Десятки «акустических якорей», десятки персональных адов слились в одну общую пытку. Хор безумия.
Хавьер прижал ладони к ушам, но это не помогло. Шум был не снаружи. Он лез под кожу, проникал в кости. Его инстинкты, отточенные для выживания в бою, здесь давали сбой. Там врага можно было увидеть, услышать, убить. Здесь врагом был сам воздух.
Ева стояла неподвижно. Её лицо, залитое красным, было маской. Она не закрывала уши. Она слушала. В её глазах не было страха, только напряжённая, почти хищная концентрация. Она вдыхала этот хаос, как кислород.
— Нужно двигаться! — крикнул Хавьер, его голос тонул в какофонии. — Где медицинский блок?!
Она повернула голову, её взгляд пронзил его насквозь.
— Забудь, — её голос был спокоен, но резал слух громче воя. — Это больше не спасательная операция. Это зачистка.
— Моя сестра там!
— Твоя сестра — одна из них! — отрезала Ева. — Кросс — вот цель. Единственная. Он дирижёр этого оркестра.
Хавьер шагнул к ней, его рука сжалась на её плече. Ткань куртки была холодной, под ней — стальные мышцы.
— Я иду за ней. Ты — как хочешь.
Прежде чем она успела ответить, здание содрогнулось. Глухой, мощный удар прокатился по полу, заставив завибрировать стены. Где-то далеко, у парадного входа, взрыв вырвал из стерильной стены кусок бетона и стали.
Марко Веронези опустил бинокль. Взрыв сработал штатно. Тяжёлые бронированные двери главного входа выгнулись наружу, словно картонные. Клубы дыма и бетонной пыли вырвались в морозный альпийский воздух.
— Группа «Альфа», вперёд, — его голос в рации был ровным, лишённым эмоций. — Зачистка первого уровня. Огонь на подавление. Не ввязываться в затяжные бои. Двигаться.

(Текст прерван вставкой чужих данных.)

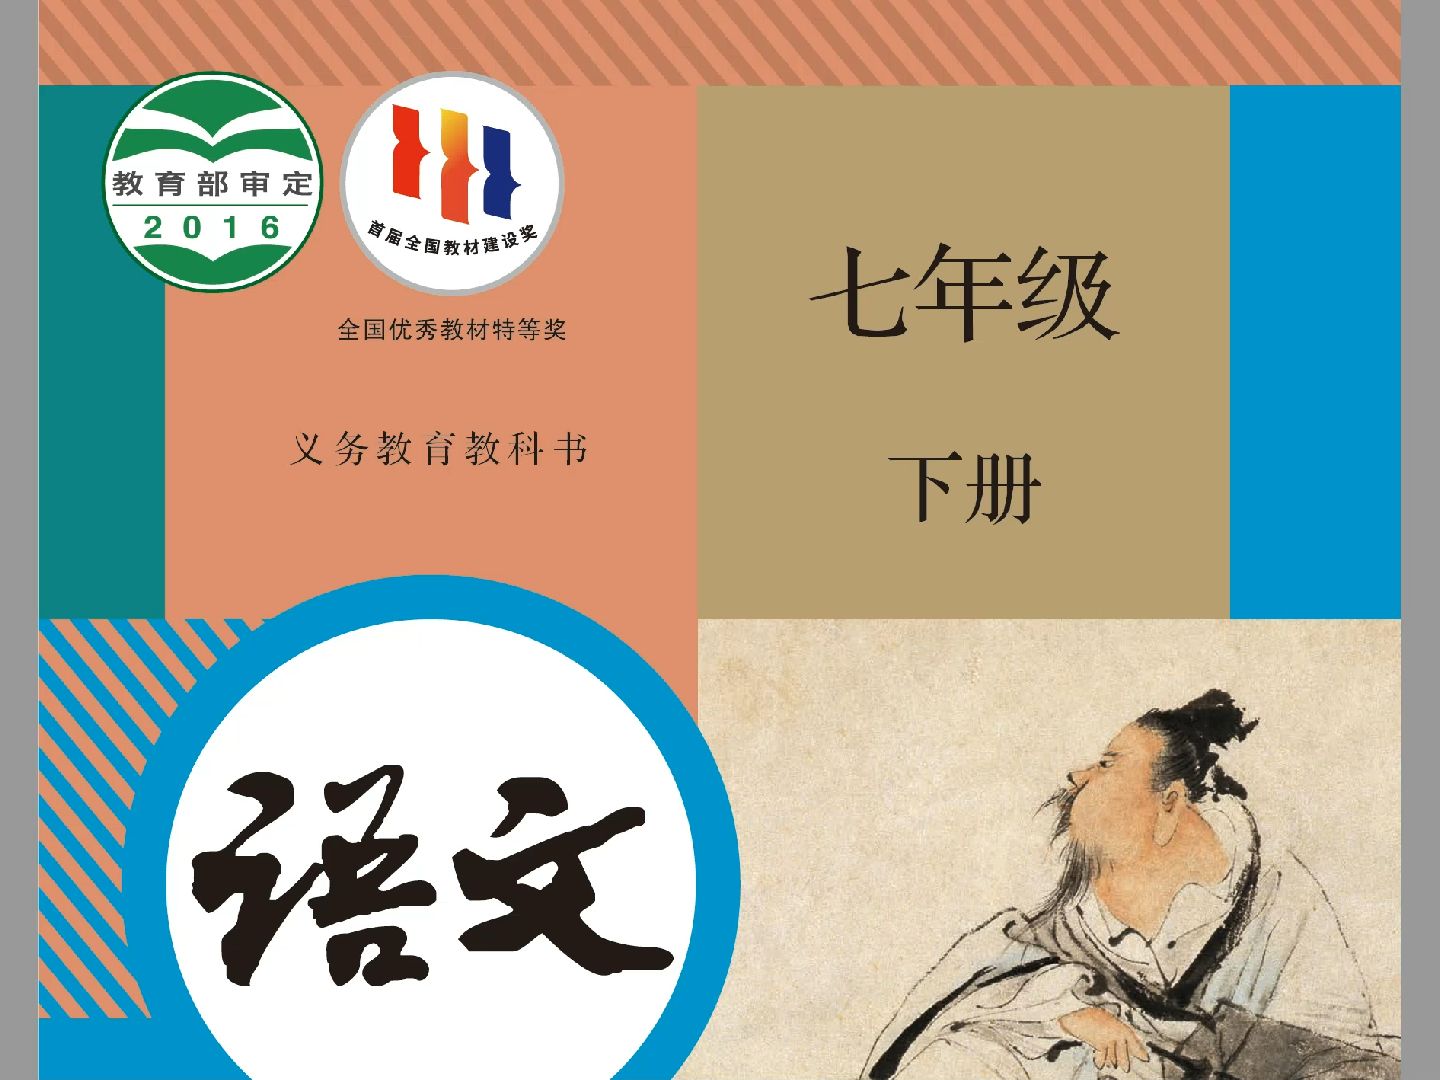 大陆人教版和台湾康轩版初中一年级下册古诗比较

Его люди скользнули в пролом. Профессионалы. Лучшие. Он сам их отбирал. И теперь вёл на убой.
Он оглянулся. Лес вокруг был неподвижен. Снаружи царил покой. Снег поглощал все звуки, превращая мир в вакуум. Ни шороха, ни крика птицы.
Марко знал эту тишину. Обманчивую. Тишину перед атакой.
Где-то там, среди этих идеальных елей, сидит вторая команда. Призраки Хелен. Ждут, когда он и его ребята сделают всю грязную работу.
Внезапно в его наушнике, поверх треска радиопереговоров, раздался другой звук. Высокочастотный, режущий визг, будто кто-то пилил металл. Он шёл не со стороны главного входа. Он доносился с технической стороны здания, из зоны вентиляционных шахт.
Третья сила. Они уже здесь.
В это же самое мгновение в другом месте, в узком техническом коридоре, Антон по прозвищу «Сыч» опустил плазменный резак. Металл вокруг вырезанного круга в стене серверной светился расплавленной вишней. От него шёл густой, едкий дым.
— Чисто, — бросил он своим прикрывающим.
Два бойца из команды Воронова молча кивнули, их автоматы сканировали коридор. «Сыч» ненавидел это. Он был аналитиком, технарём. Его оружием была клавиатура, а не ствол. В одном ухе у него был крошечный наушник, из которого лилась тихая, спокойная эмбиент-музыка. Маленький островок порядка посреди этого ада.
Его пальцы, тонкие, как у пианиста, уже летели над портативным терминалом, подключаясь к вскрытой сети «Санктума». Он не слышал хора безумия. Он слышал только бинарный код.
Его задача была проста: не люди. Данные. Весь архив Кросса. Исходный код «Шума».
А внутри, в красном коридоре, перед Хавьером и Евой с тихим щелчком разблокировались внутренние двери. Ловушка стала ареной.
Хавьер не стал ждать. Он рванул вперёд, в тот коридор, который, судя по найденным схемам, вёл в медицинское крыло. Он не оглянулся на Еву. Их союз был фикцией, временным перемирием, которое только что закончилось. Сейчас каждый был за себя.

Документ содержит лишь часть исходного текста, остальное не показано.